Rare challenging case of undiagnosed hereditary anaemia:

An 18 month old baby boy came to the paediatric clinic with yellowish discoloration of face and body. He has been associated since birth with pallor, poor activity and loss of appetite. The parents visited numerous hospitals in search of cure regarding the cause of persistent jaundice and chronic anaemia but to no avail.

There was a family history from the maternal side of chronic anaemia. Serial blood investigations were done in the Al Zahra Hospital laboratory revealed that the patient suffered from cell membrane defect of red blood cells called Hereditary Pyropoikilocytosis (HPP).

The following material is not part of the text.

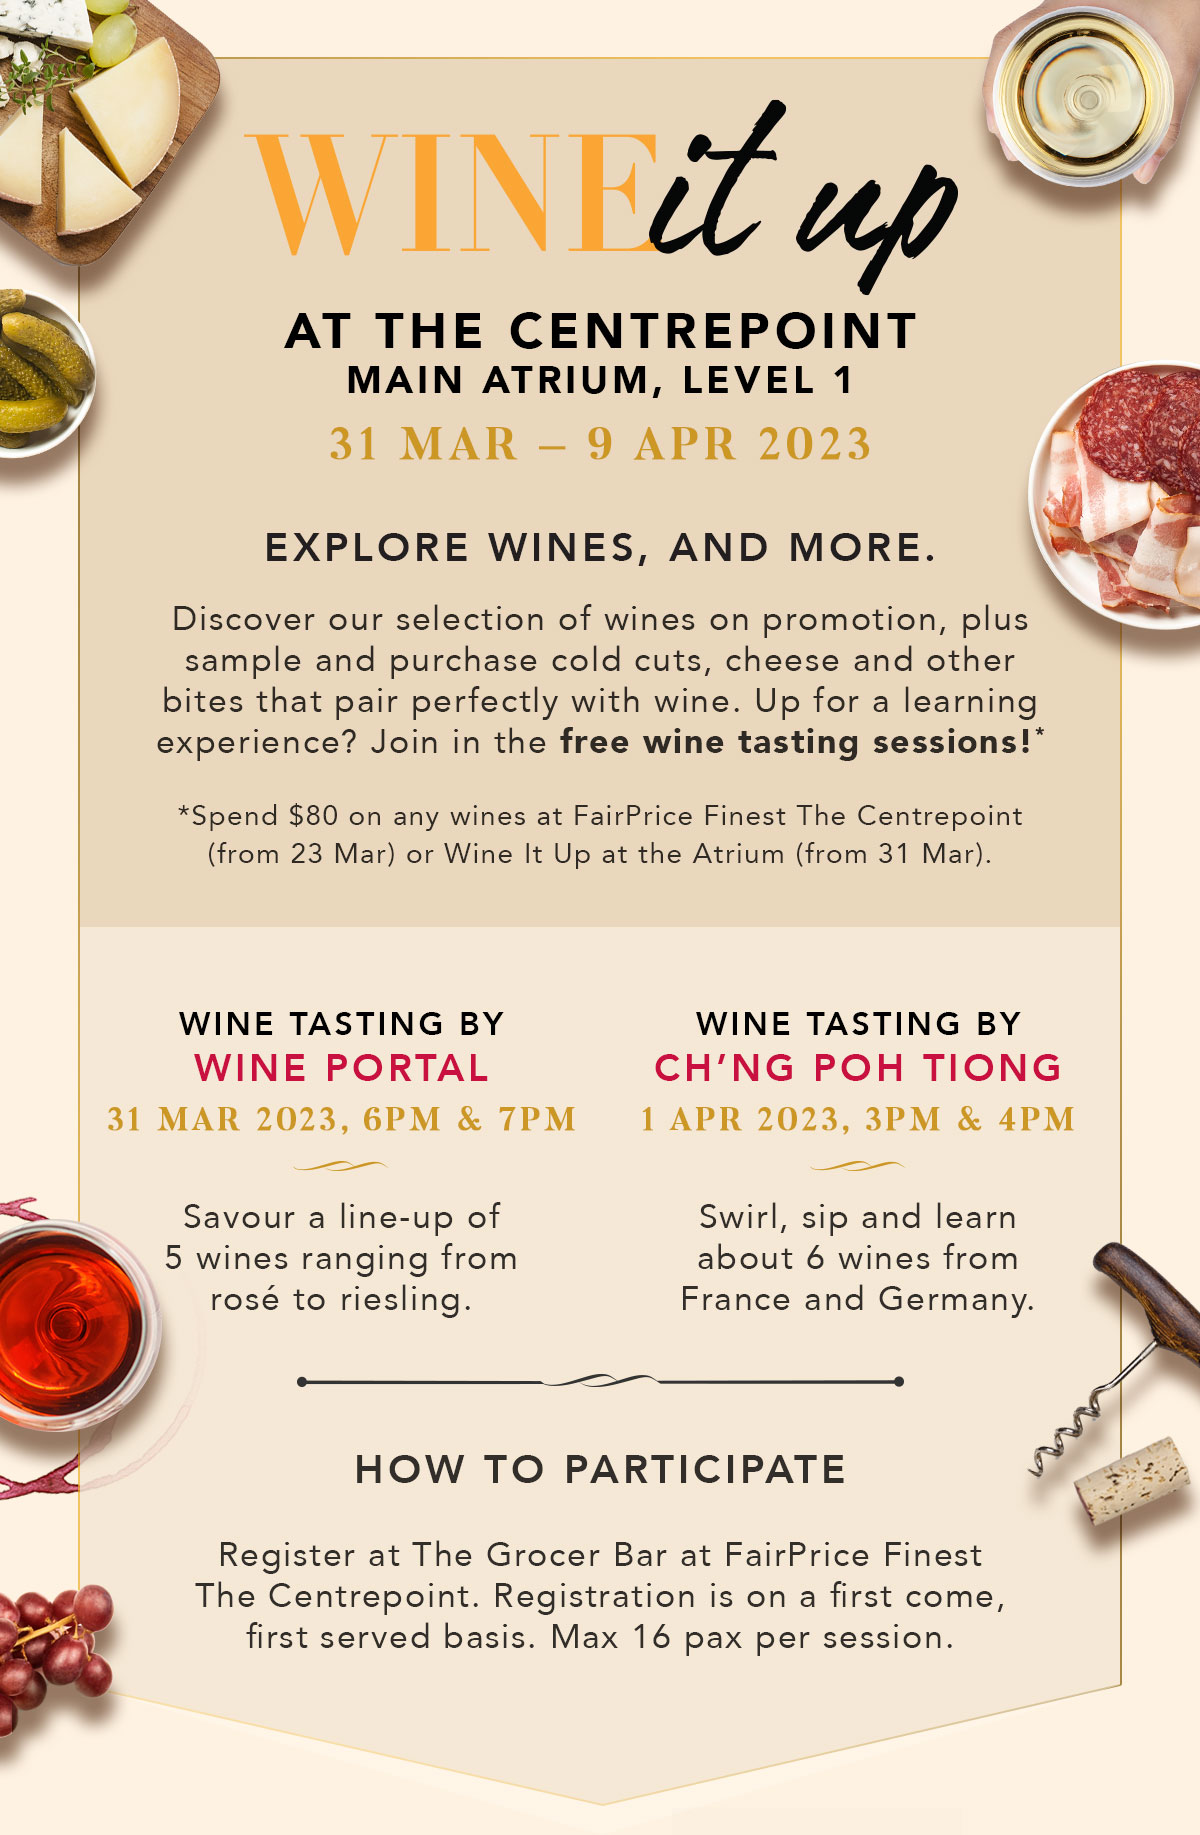 Wine It Up at The Centrepoint Main Atrium, Level 1

Hereditary Pyropoikilocytosis (HPP) is an autosomal recessive disease hemolytic anaemia. It has been associated with defect of erythrocytes membrane protein – spectrin which leads to increased membrane fragility causing hemolysis, jaundice and anaemia in infancy. It is mutations of alpha spectrin gene is considered as a severe form of hereditary elliptocytosis.

Diagnosis of this disease is done by testing of gene mutations and peripheral blood smear which will show HPP erythrocytes and maybe bizarre shaped with fragmentation or budding poikilocytosis.

The patients with HPP should receive folate supplementation. Counselling of family members should be done.